- REQUIRED WORK -
Please output exactly the lines from the one that holds "WSEP4727FLG Appliances 4.7" through the final line of the data, and nothing else; leave out any pictures.

- GIVEN INFORMATION -
□ □ □ □

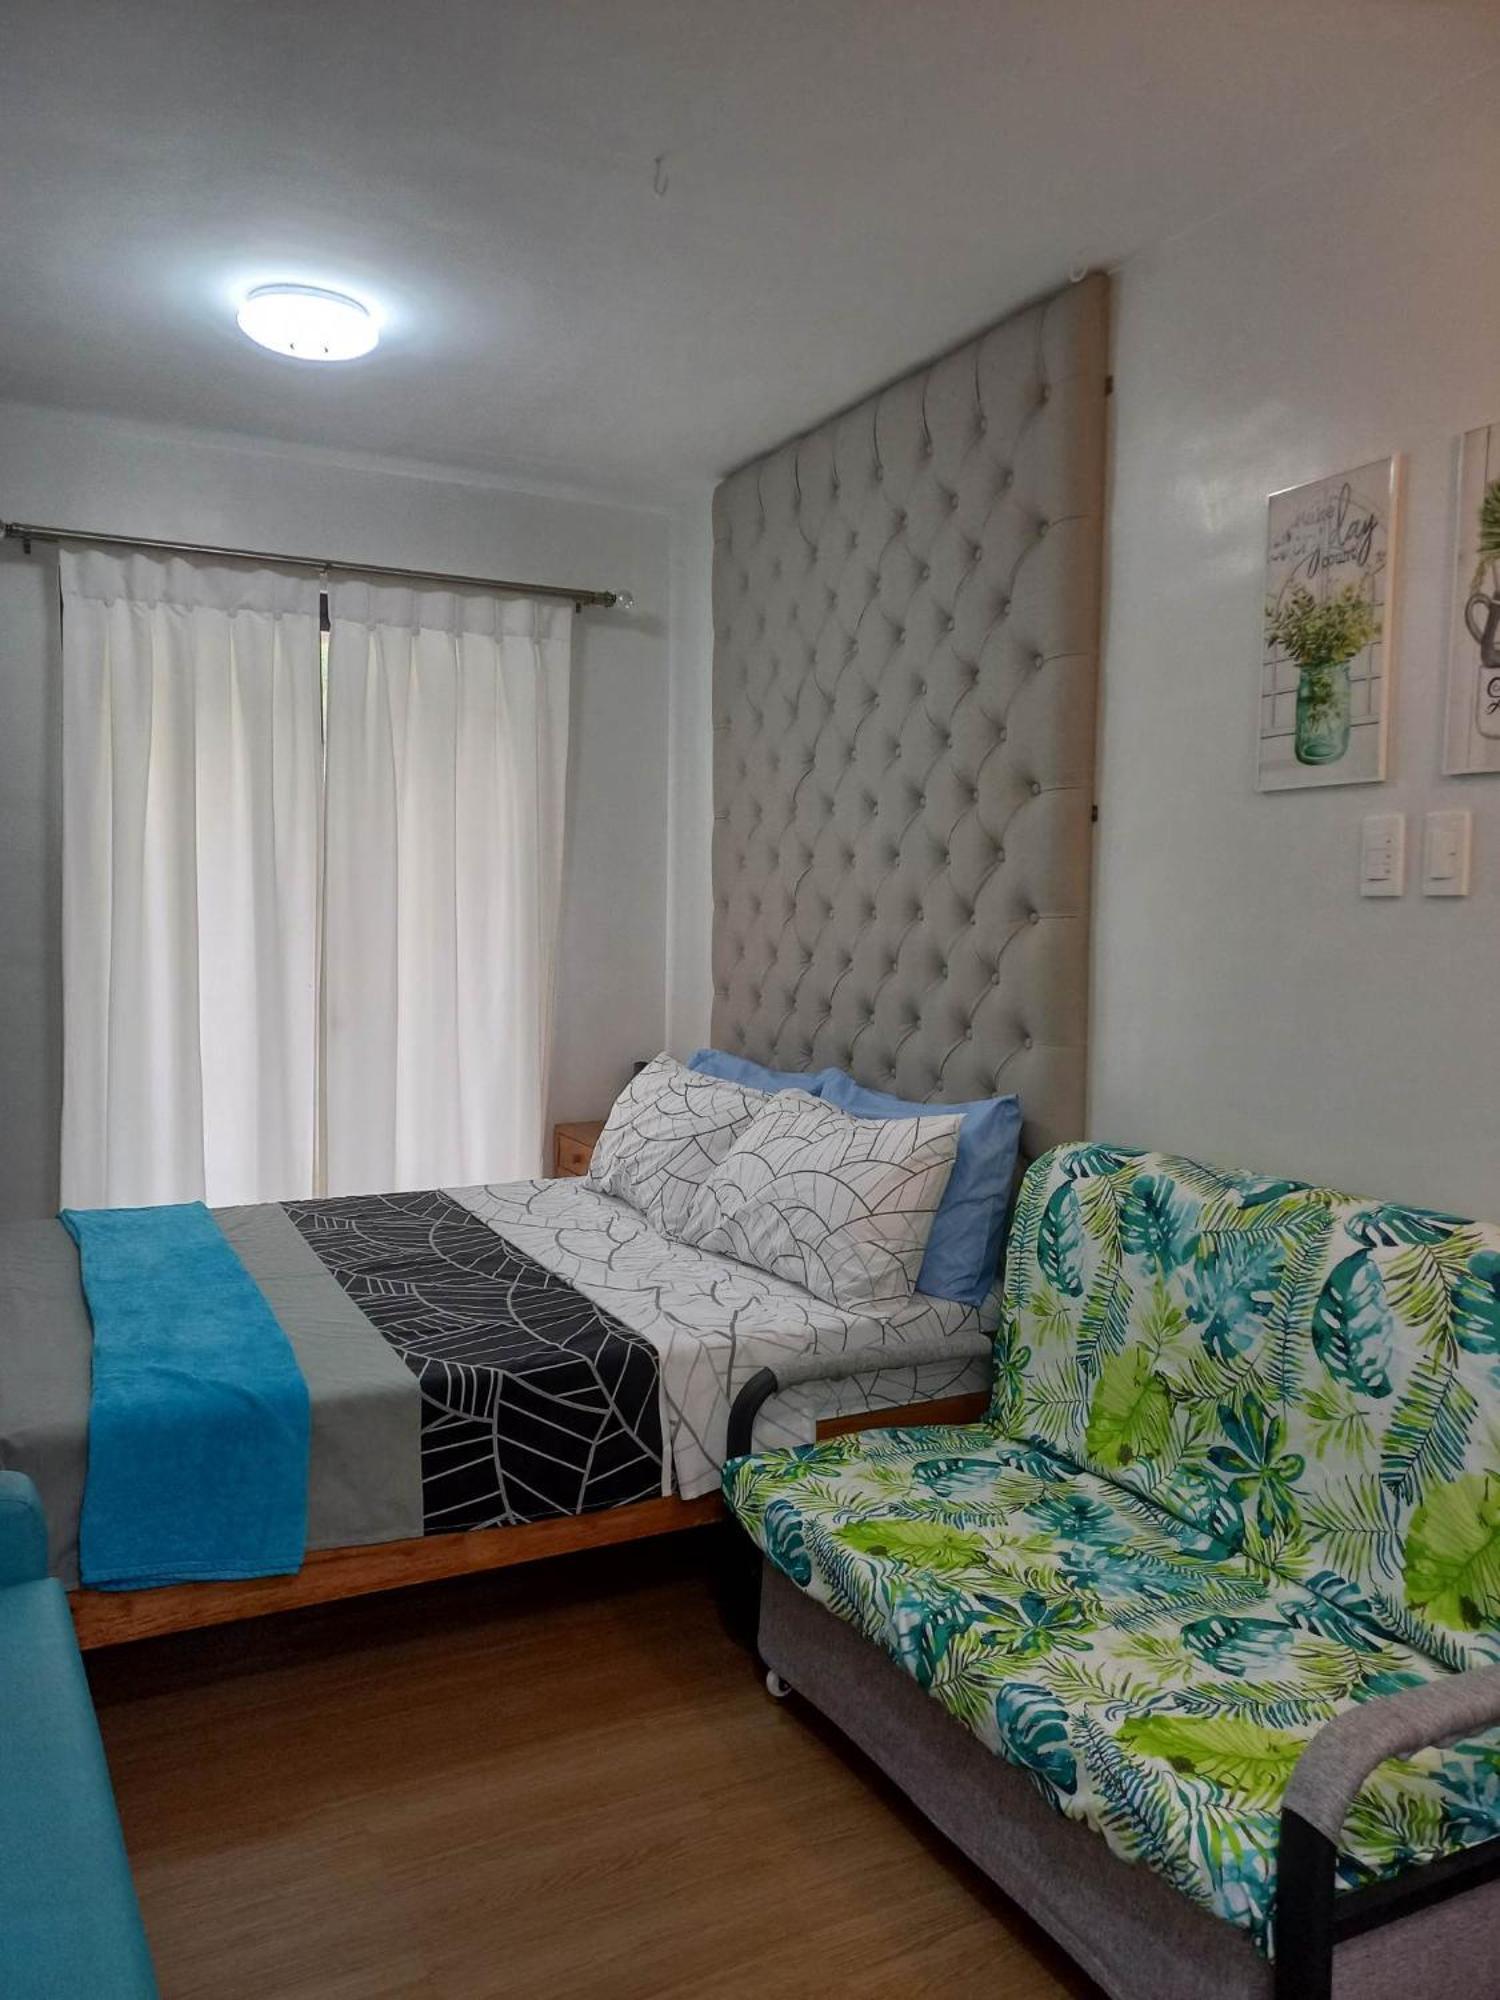 Cozyvilla At Pine Suites Tagaytay 2Br Or Studio With Free Parking Tagaytay City Extérieur photo
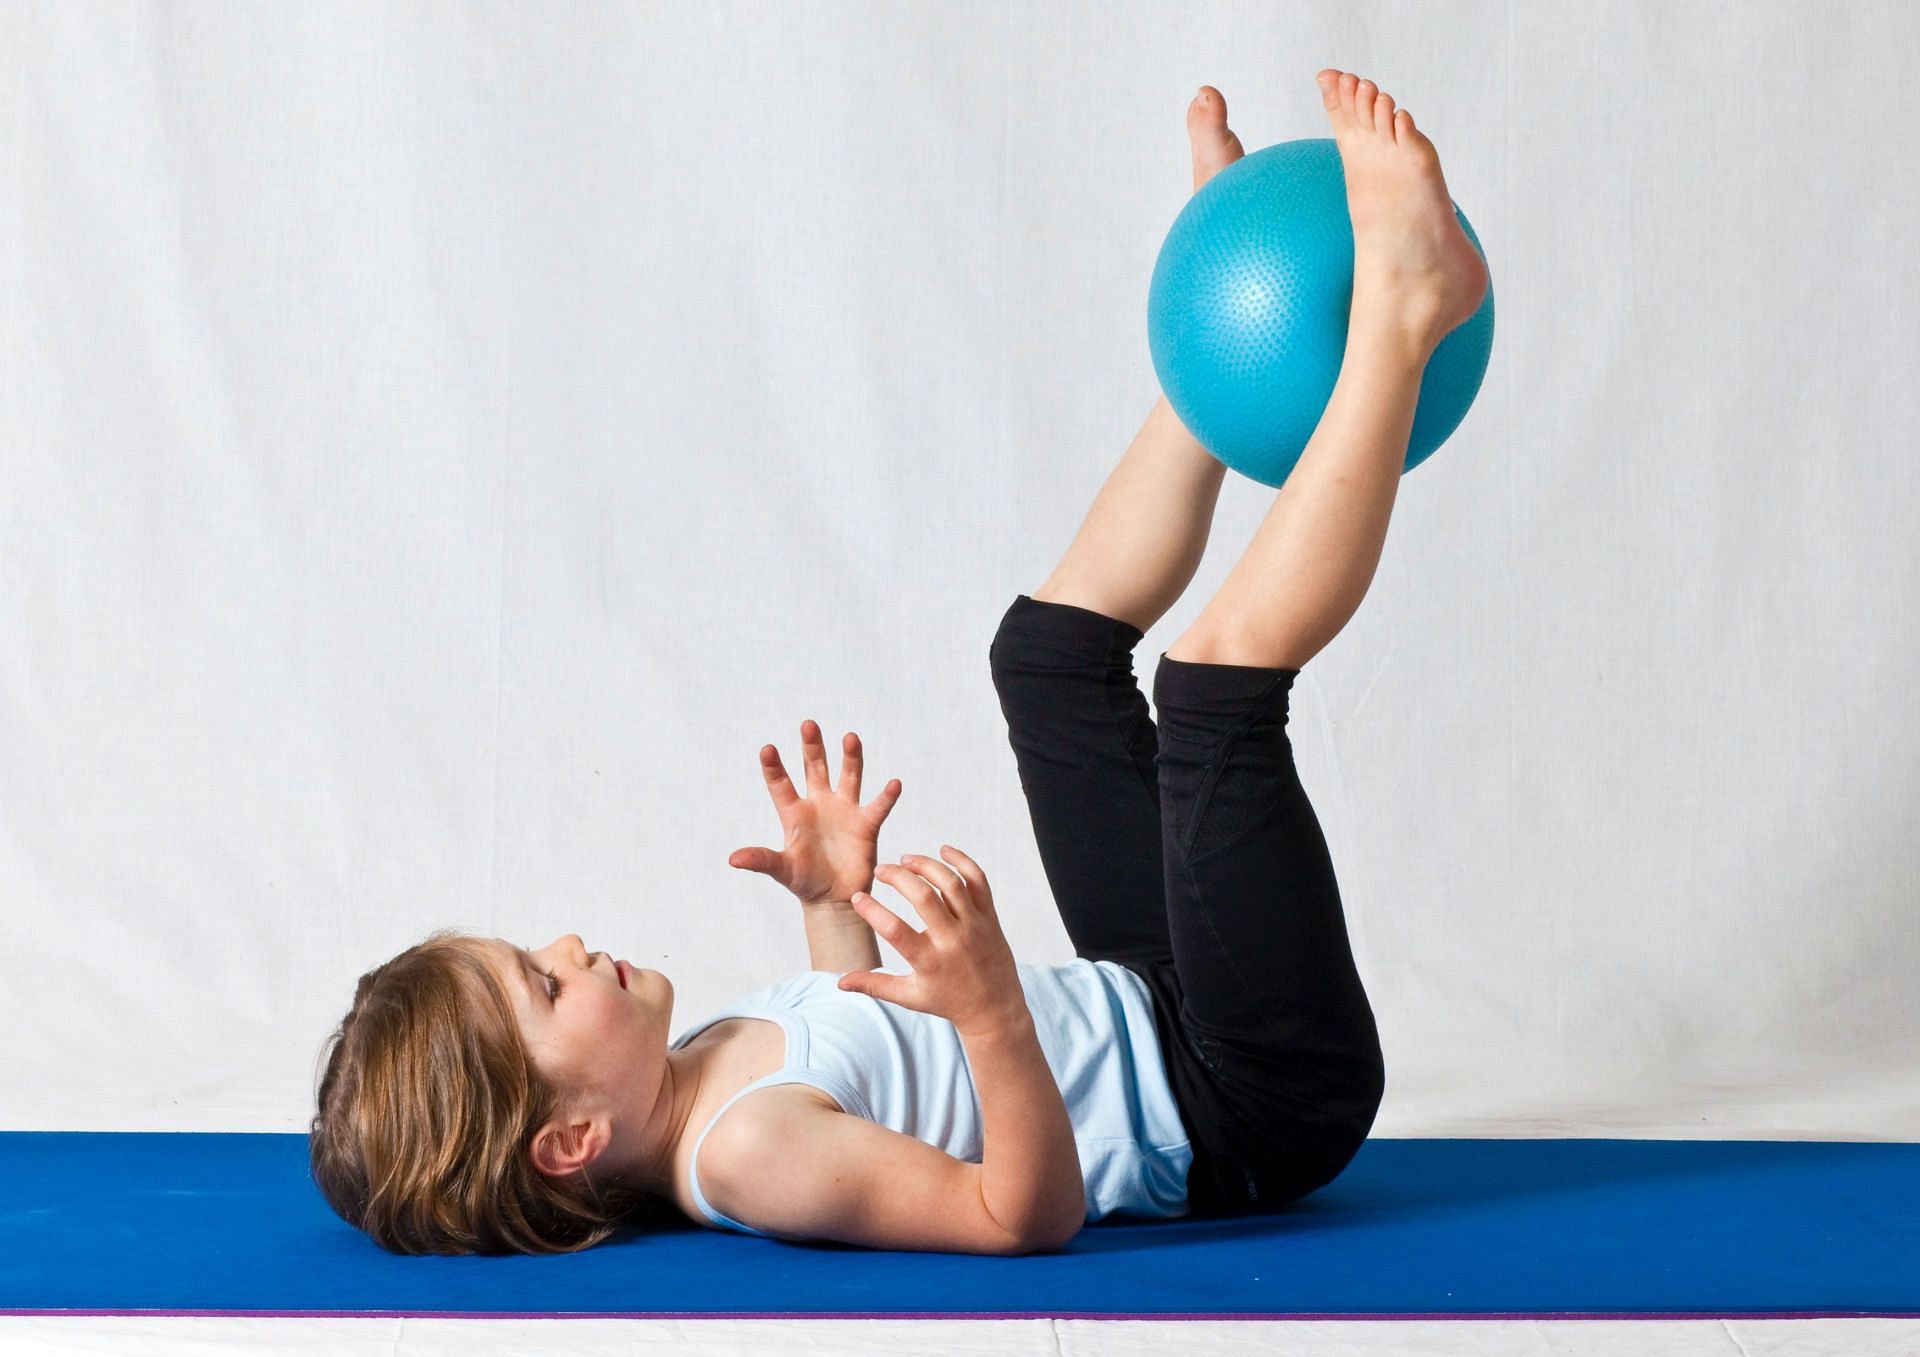 Some yoga ball exercises are specifically meant to increase core strength (Image via Pexels@Lena Helfinger)
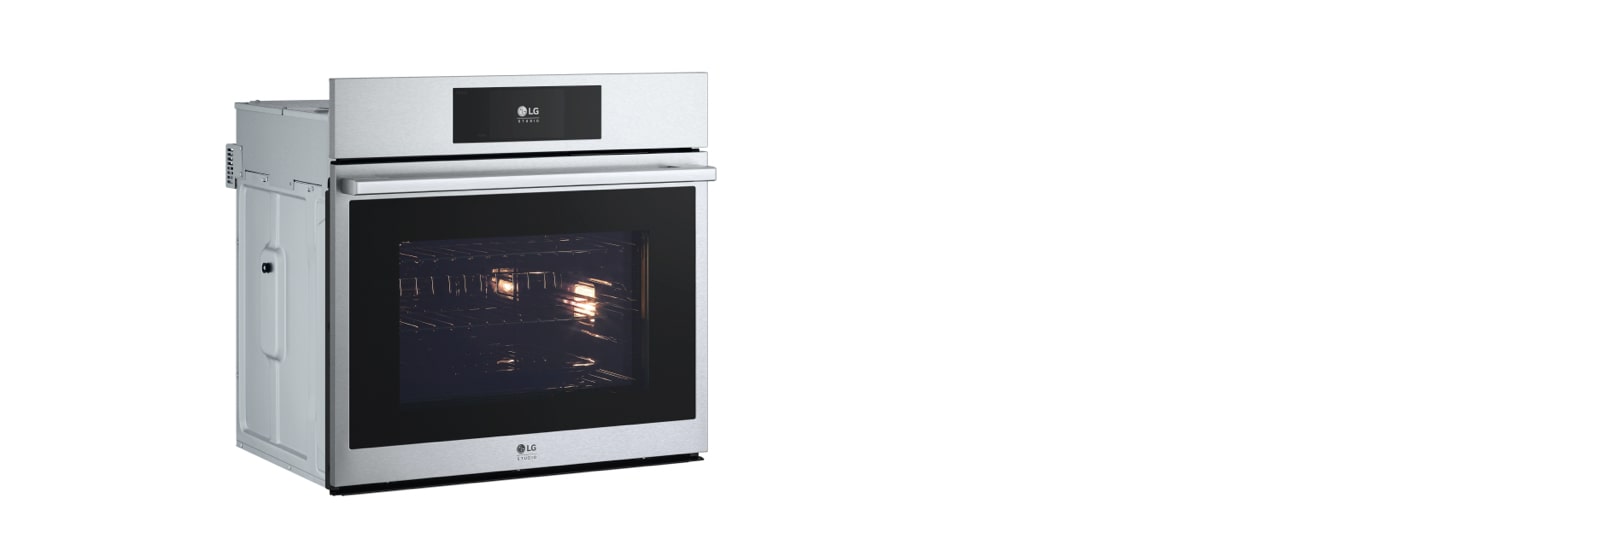 WSEP4727FLG Appliances 4.7 cu. ft. Smart Wall Oven with InstaView
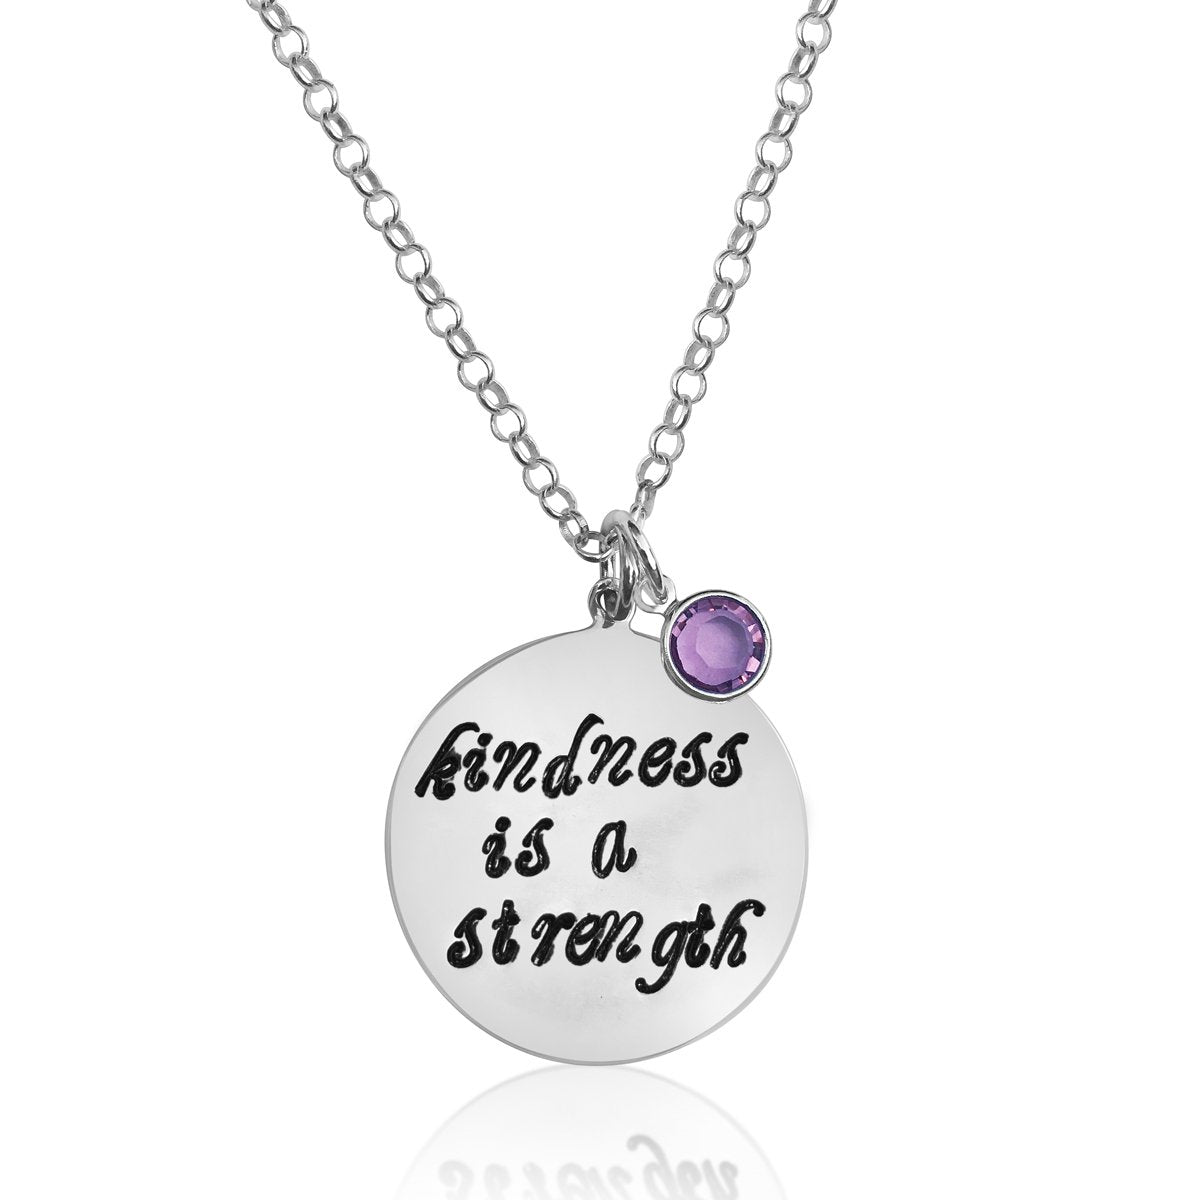 Kindness is a Strength Sterling Silver Necklace, Kindness Wins Jewelry

□ □ □ □

- OUTPUT FOR THIS EXERCISE -
 WSEP4727FLG Appliances 4.7 cu. ft. Smart Wall Oven with InstaView
 Kindness is a Strength Sterling Silver Necklace, Kindness Wins Jewelry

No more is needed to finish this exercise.